IN31A-3715:
Issues with Describing the Uncertainties in Atmospheric Remote Sensing Measurements

Wednesday, 17 December 2014
David P Haffner1,2, Pawan K Bhartia2 and Natalya A Kramarova1,2, (1)Science Systems and Applications, Inc., Lanham, MD, United States, (2)NASA Goddard Space Flight Center, Greenbelt, MD, United States
Abstract:
Uncertainty in atmospheric measurements from satellites and other remote sensing platforms comes from several sources. Users are familiar with concepts of accuracy and precision for physical measurements made using instrumentation, but retrieval algorithms also frequently require statistical information since measurements alone may not completely determine the parameter of interest.

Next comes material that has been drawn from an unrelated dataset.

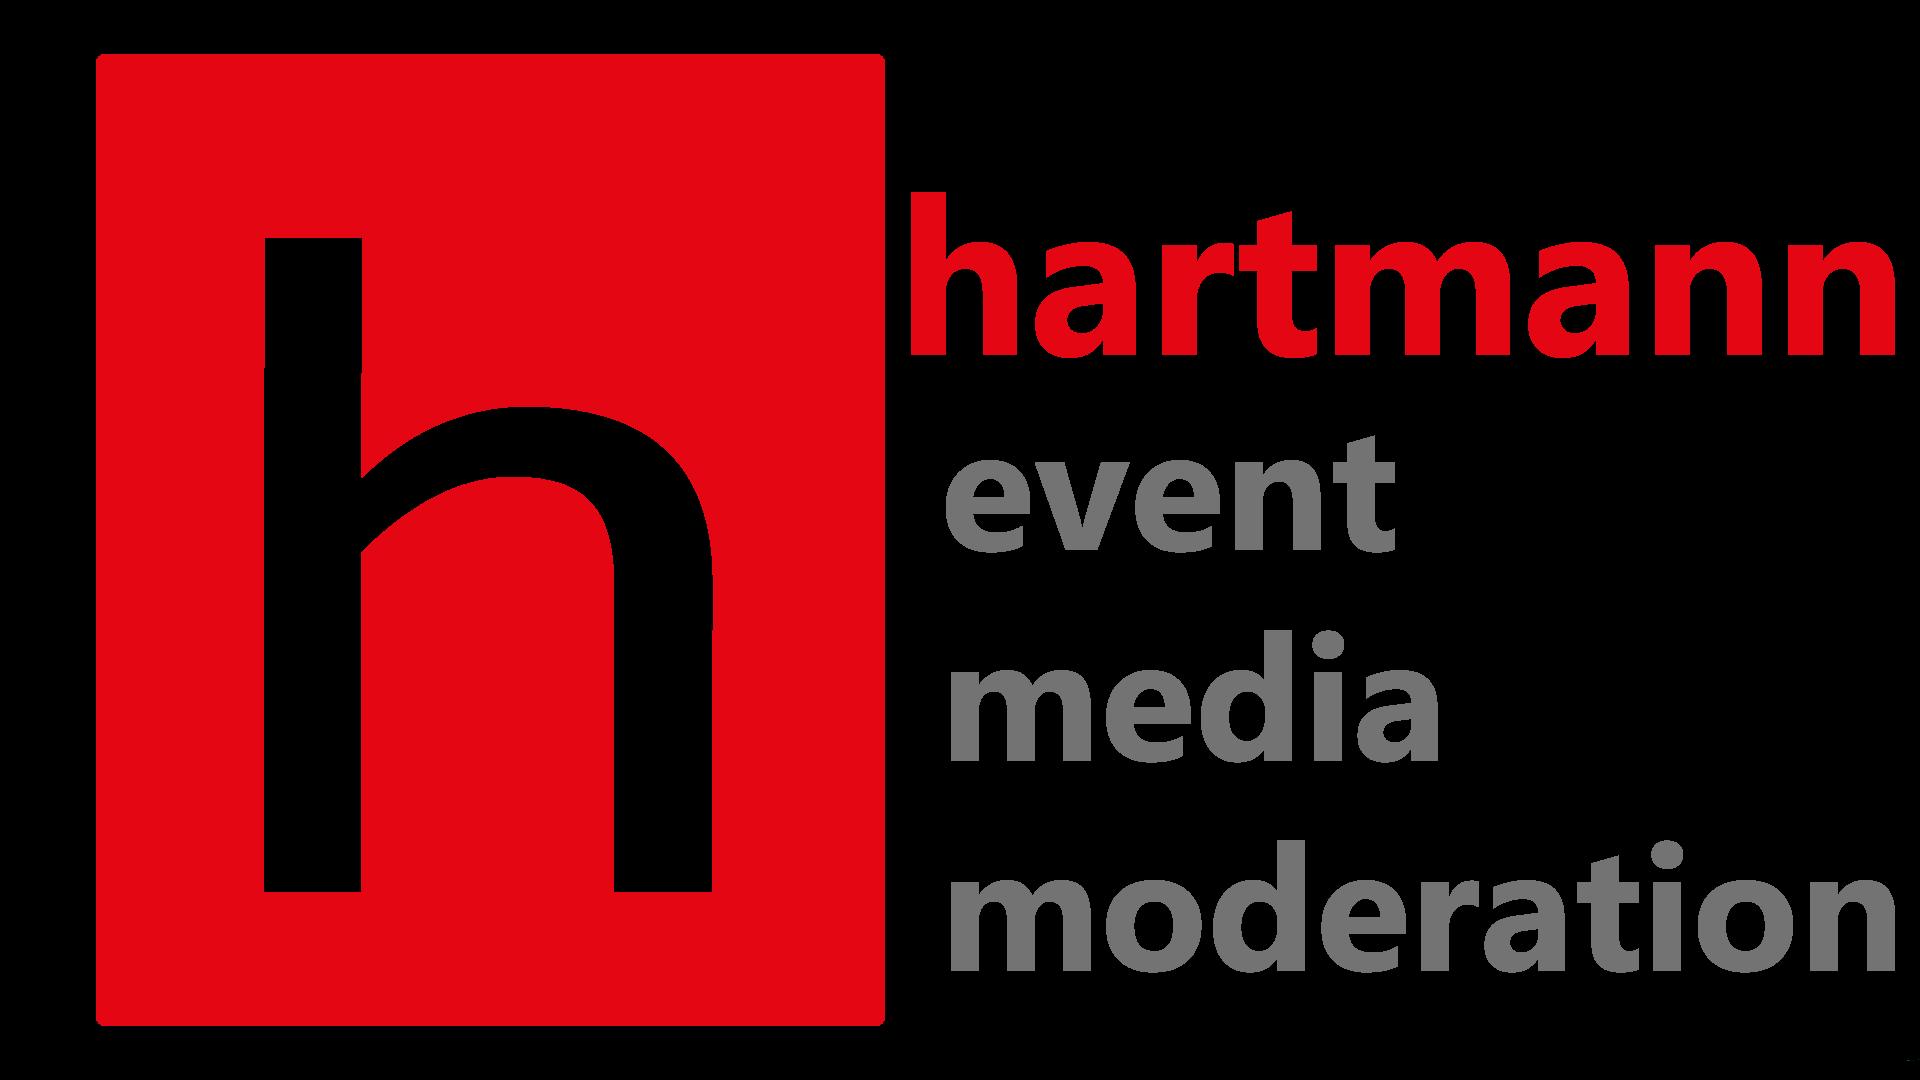 hartmann event | media | moderation

This statistical information has uncertainty associated with it as well, and it often contributes a sizeable fraction to the total uncertainty. The precise combination of physical and statistical information in remotely sensed data can vary with season, latitude, altitude, and conditions of measurement. While this picture is complex, it is important to clearly define the overall uncertainty for users without oversimplifying so they can interpret the data correctly. Assessment of trends, quantification of radiative forcing and chemical budgets, and comparisons of models with satellite observations all benefit from having adequate uncertainty information. But even today, terminology and interpretation of these uncertainties is a hot topic of discussion among experts. Based on our experience producing a 44 year-long dataset of total ozone and ozone profiles, we discuss our ideas for describing uncertainty in atmospheric datasets for global change research. Assumptions about the atmosphere used in retrievals can also be provided with exact information detailing how the final product depends on these assumptions. As a practical example, we discuss our modifications to the Total Ozone Mapping Spectrometer (TOMS) algorithm in Version 9 to provide robust uncertainties for each measurement and supply as much useful information to users as possible. Finally, we describe how uncertainties in individual measurements combine when the data are aggregated in time and space.